Hello,
My second post on the forums here was asking how to make the Zigbee2MQTT Watchdog keep attempting to start the add-on if it kept failing (as it gave up incredibly quickly - something like a minute or two). Unfortunately, nobody had any suggestions.
The reason for this is that if Zigbee2MQTT cannot reach the Zigbee coordinator (in my case, a network-connected coordinator) for 10 minutes or so, it will stop the service. The watchdog will do its thing restarting it for a little while, but eventually (within another 10 or 15 minutes, if I recall), it will give up too (note that it will fail and the watchdog will give up within about a minute if you start the server while the coordinator is unreachable).
This is not ideal in a home lab where I mess around with things quite frequently, and after spending some time in my lab, I’ve had a handful of occasions where I will wander off to go to the bathroom or something, and find out none of my crap works (even though I’d reconnected the coordinator).

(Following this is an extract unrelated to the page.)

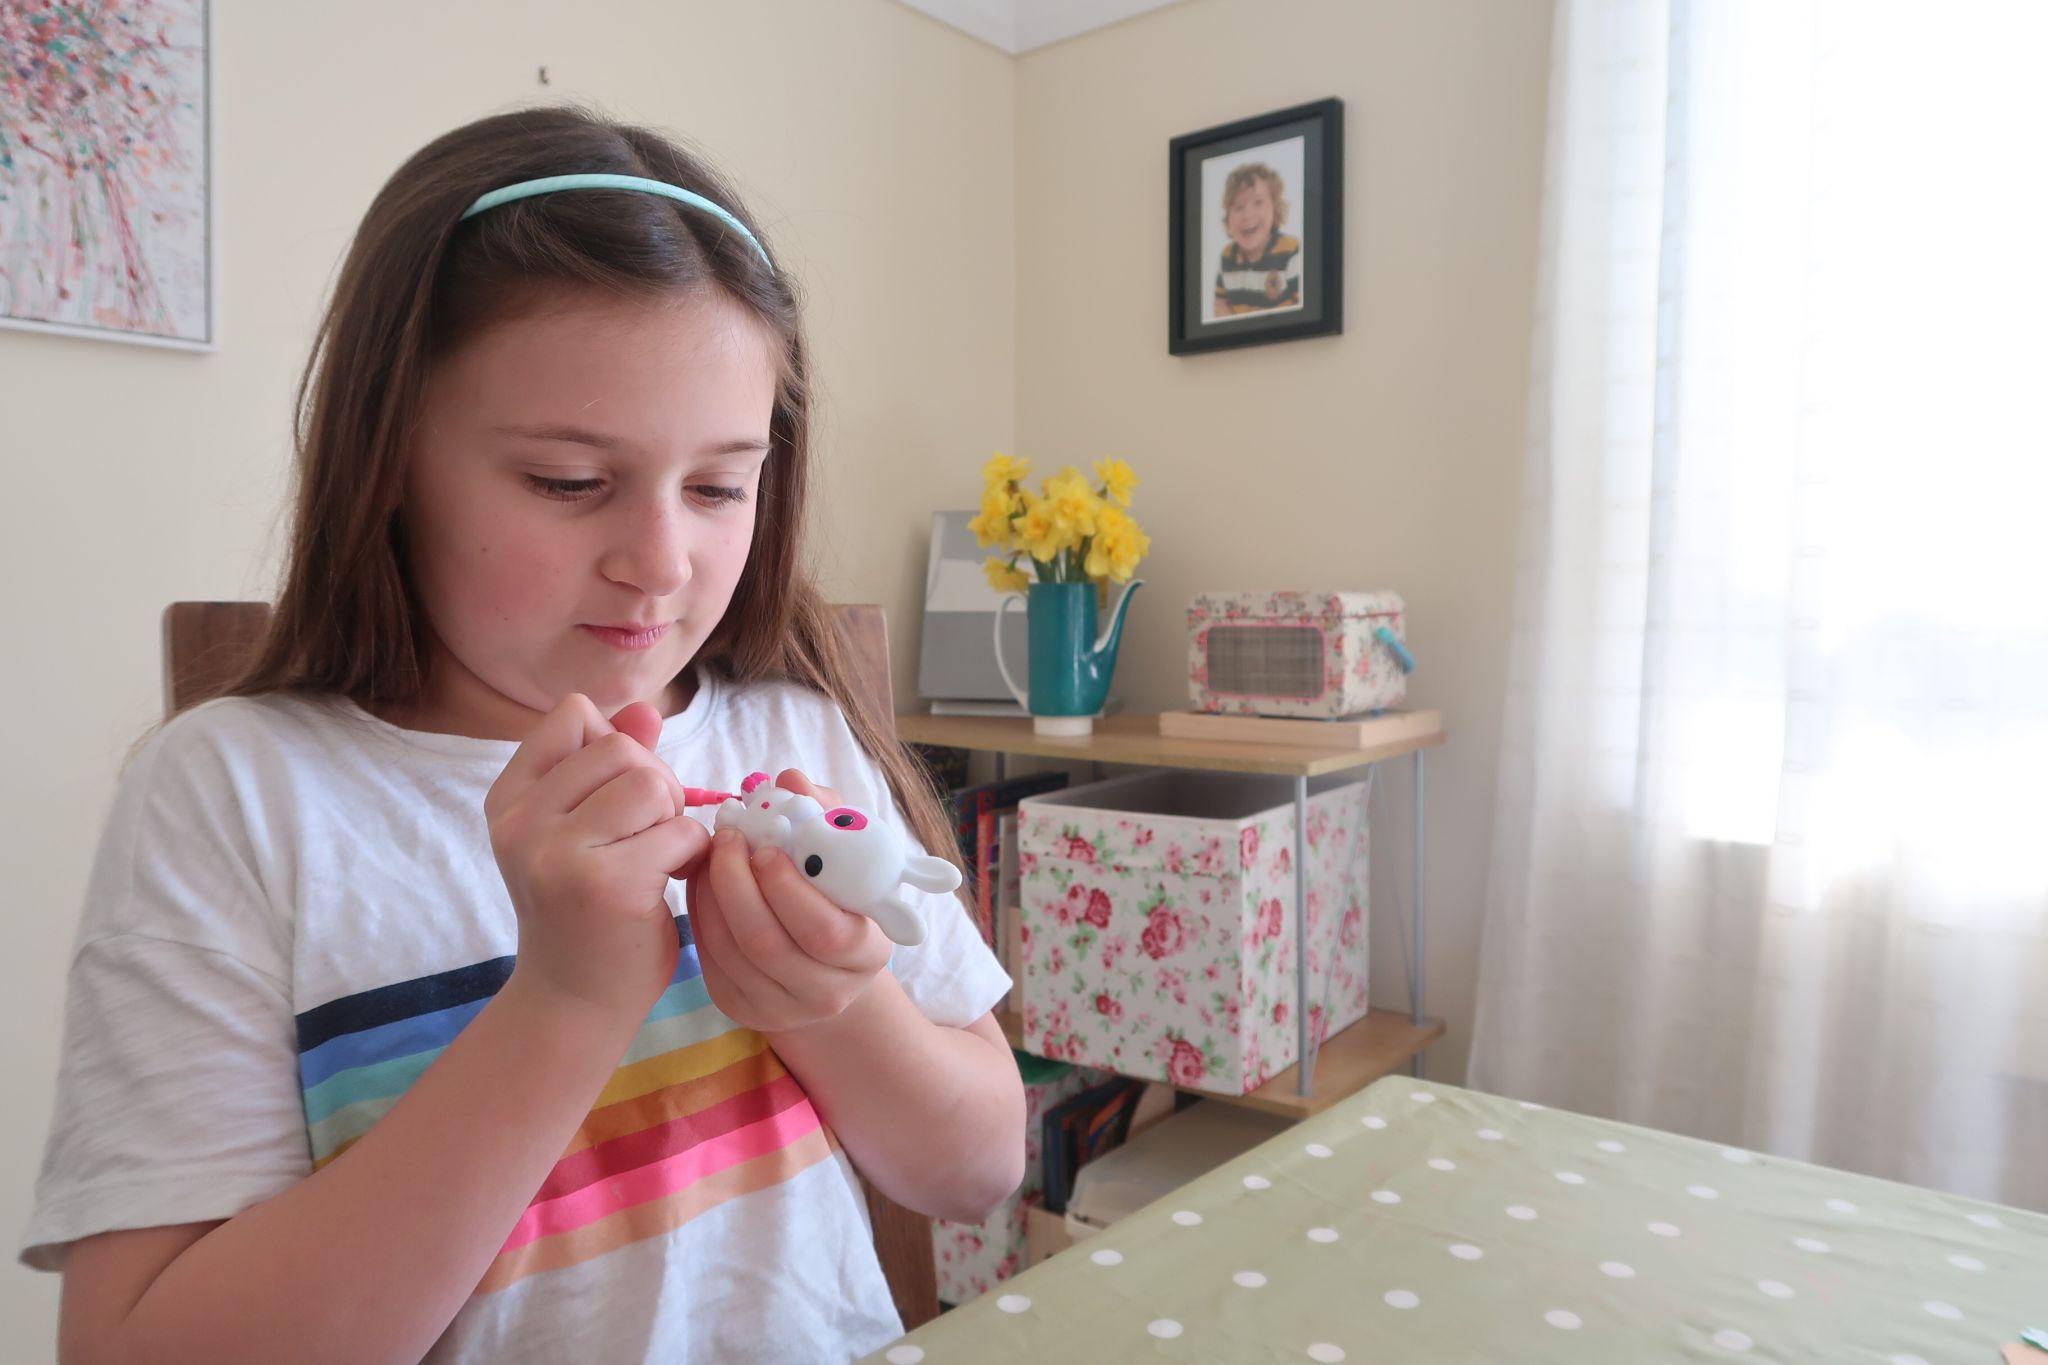 A girl painting a bunny figurine
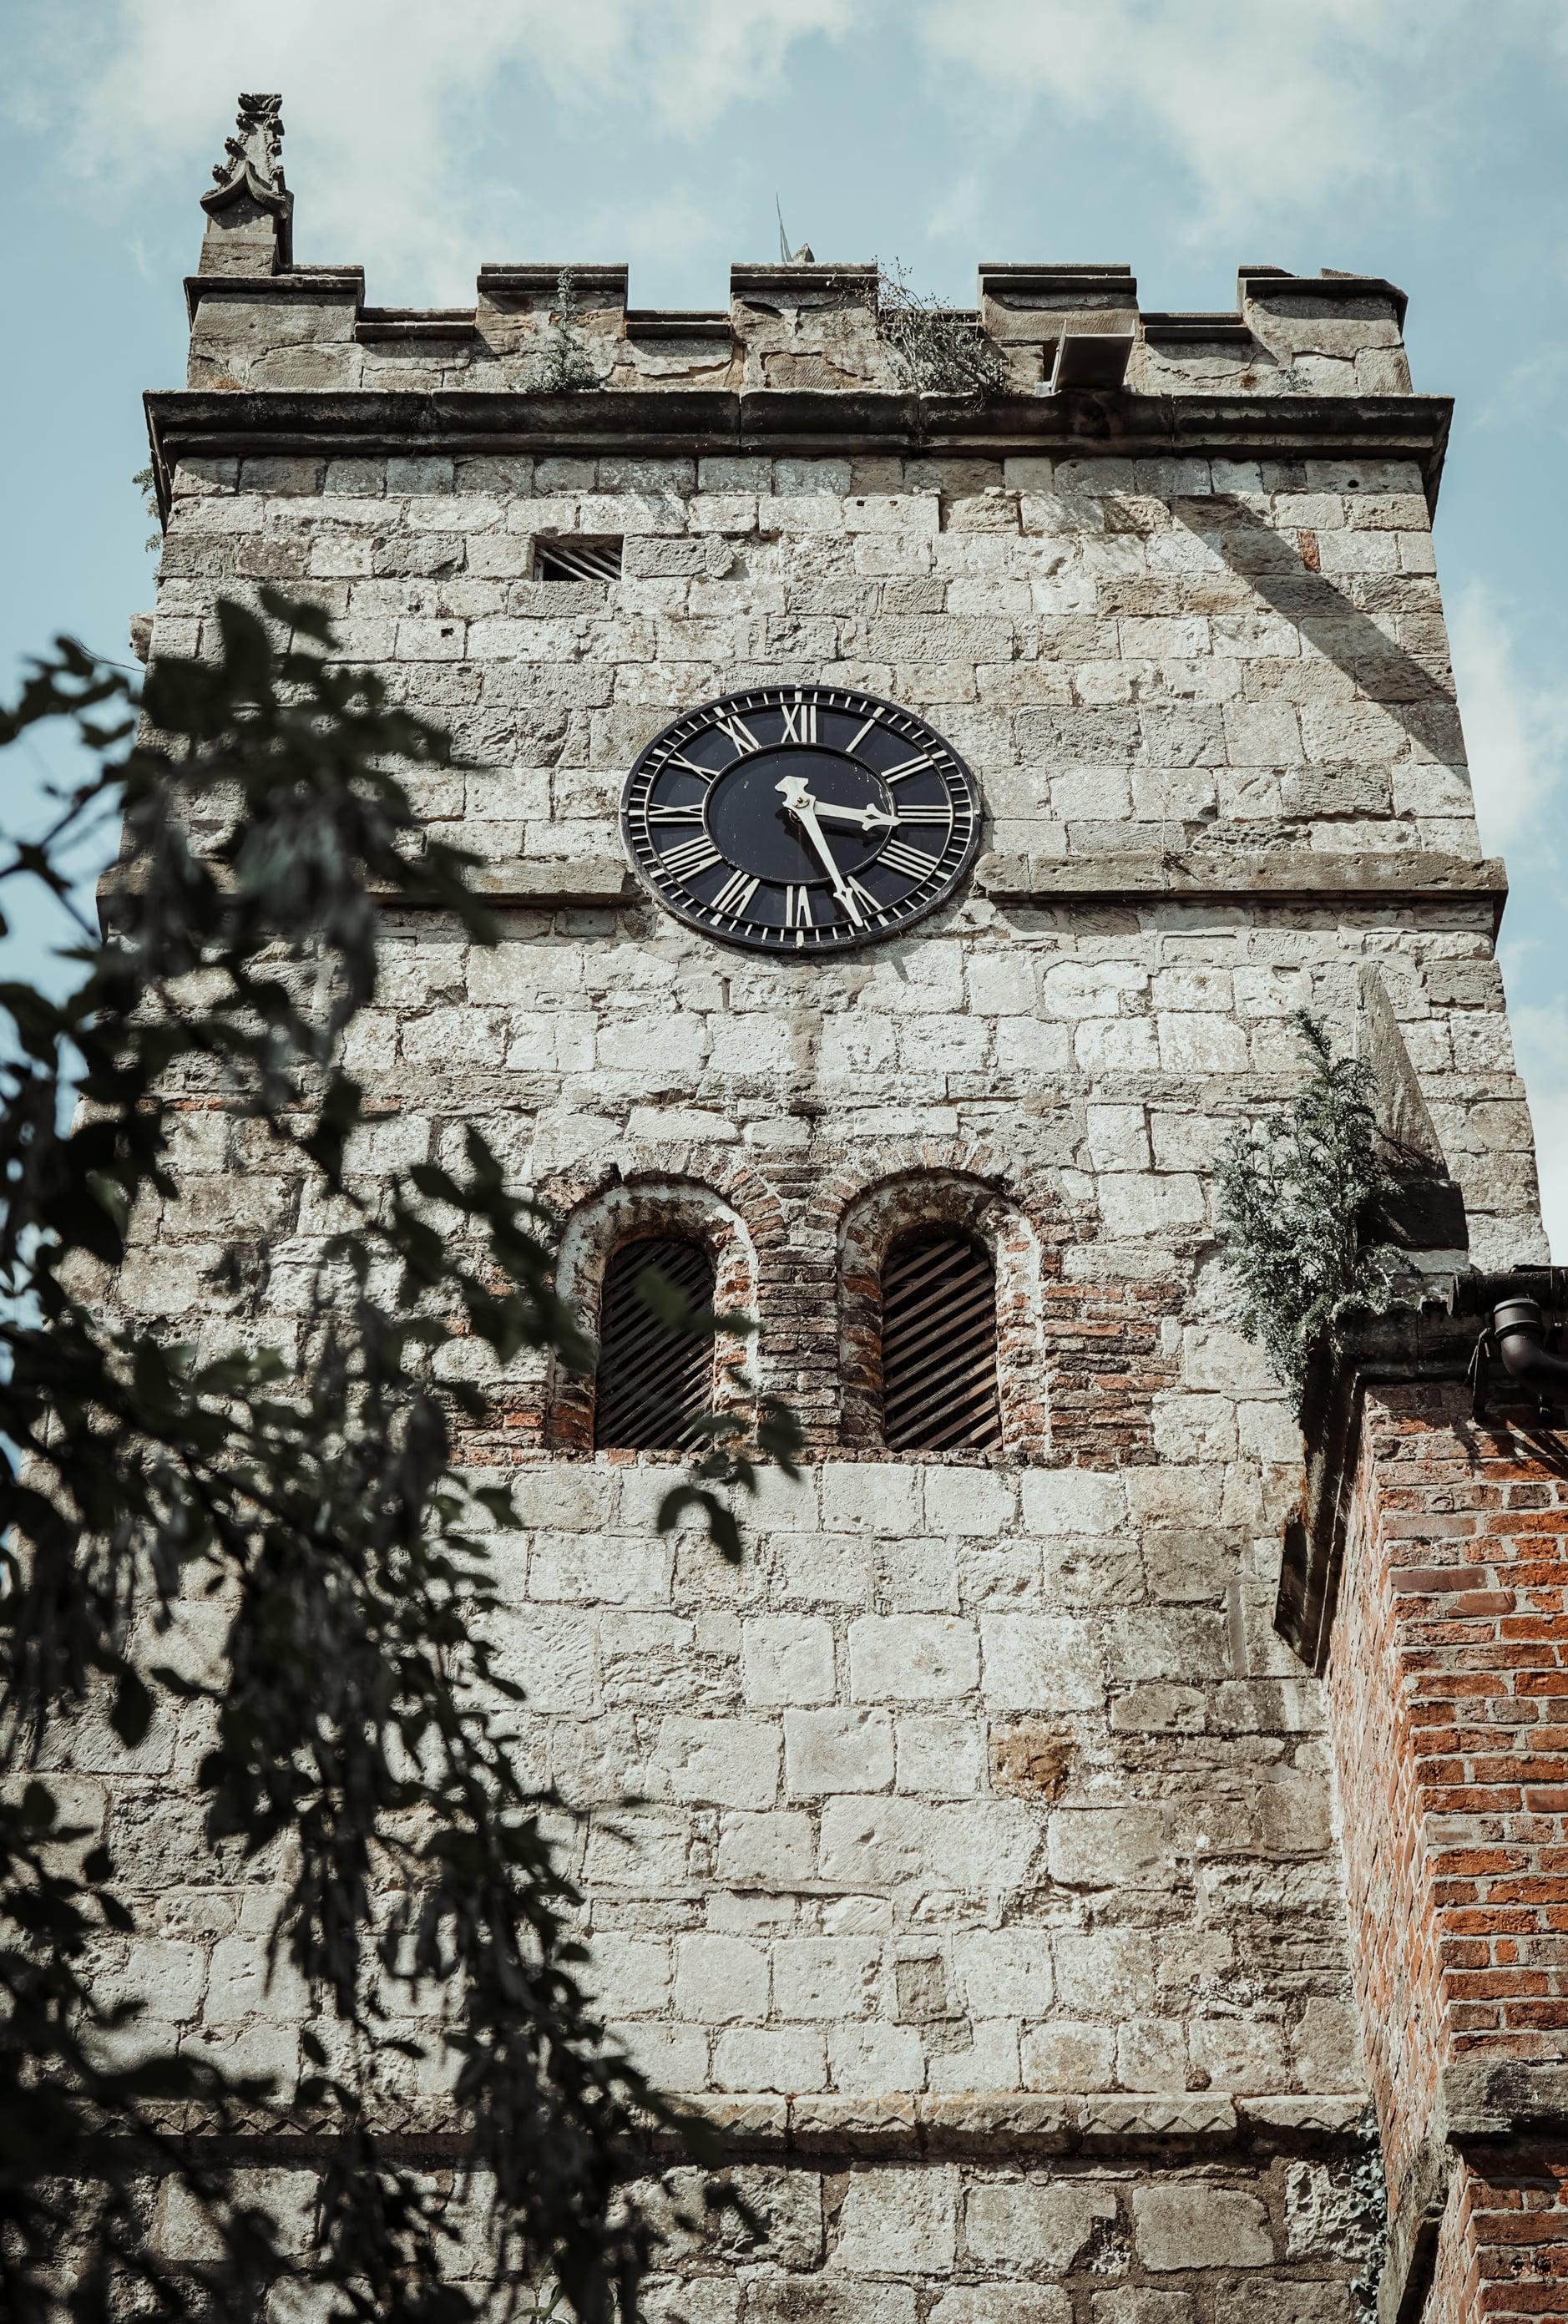 St Everilda's Church in Everingham

Anyway, why spend the few minutes occasionally trying to troubleshoot something that comes up infrequently, when I can spend an entire evening trying to figure out how to prevent it altogether? lol. Anyway, here is my over-engineered, automation-based add-on watchdog:
First, we need to enable the Zigbee2MQTT “Running” entity so that we have a condition to check in the automation. I’ve not found any other means by which to get its status
- Go to Settings>Devices and Services>Devices. Search “Zigbee2MQTT.” Select it.
- Under “Sensors,” expand the entity list by clicking “+4 entities not shown.”
- Select “Running.”
- Select the “Settings” tab, expand “Advanced settings,” and change the Entity Status to “hidden.” Click “Update.”
- It will take about 30 seconds for HA to enable the entity. Refresh the page, and ensure it now automatically shows the entity in the “Sensors” list (without having to unhide it), and shows it as “Running (Hidden).”
Then, add the following automation. Note that the reason for the forcing of the entity status update is because, for some reason, HA only updates the Zigbee2MQTT “running” entity every 5 minutes. So, this automation will not start trying until up to 5 minutes after it stops. You can optionally create a separate automation that will force an update of the entity on a schedule, but I figured up to 5 minutes was fine for my use. If you happen to know where I can view/edit the YAML of automatically-created entities, please let me know - I’d modify the “scan_interval” on it if that were an option.
This automation will check every minute to see if the addon is running. If it is, then it doesn’t run. If it isn’t, it will attempt to start the service, wait, force-update the entity, and loop back again. It will keep looping, checking the service’s status and then attempting to start it again as necessary, until the service has been running for 5 minutes before exiting the loop.
alias: Zigbee2MQTT Watchguard
description: ""
trigger:
- platform: time_pattern
minutes: "*"
condition:
- condition: state
entity_id: binary_sensor.zigbee2mqtt_running
state: "off"
for:
hours: 0
minutes: 0
seconds: 0
action:
- repeat:
until:
- condition: state
entity_id: binary_sensor.zigbee2mqtt_running
state: "on"
for:
hours: 0
minutes: 5
seconds: 0
sequence:
- if:
- condition: state
entity_id: binary_sensor.zigbee2mqtt_running
state: "off"
then:
- service: hassio.addon_start
data:
addon: 45df7312_zigbee2mqtt
- delay:
hours: 0
minutes: 1
seconds: 0
milliseconds: 0
- service: homeassistant.update_entity
data: {}
target:
entity_id: binary_sensor.zigbee2mqtt_running
else:
- delay:
hours: 0
minutes: 0
seconds: 30
milliseconds: 0
- service: homeassistant.update_entity
data: {}
target:
entity_id: binary_sensor.zigbee2mqtt_running
mode: single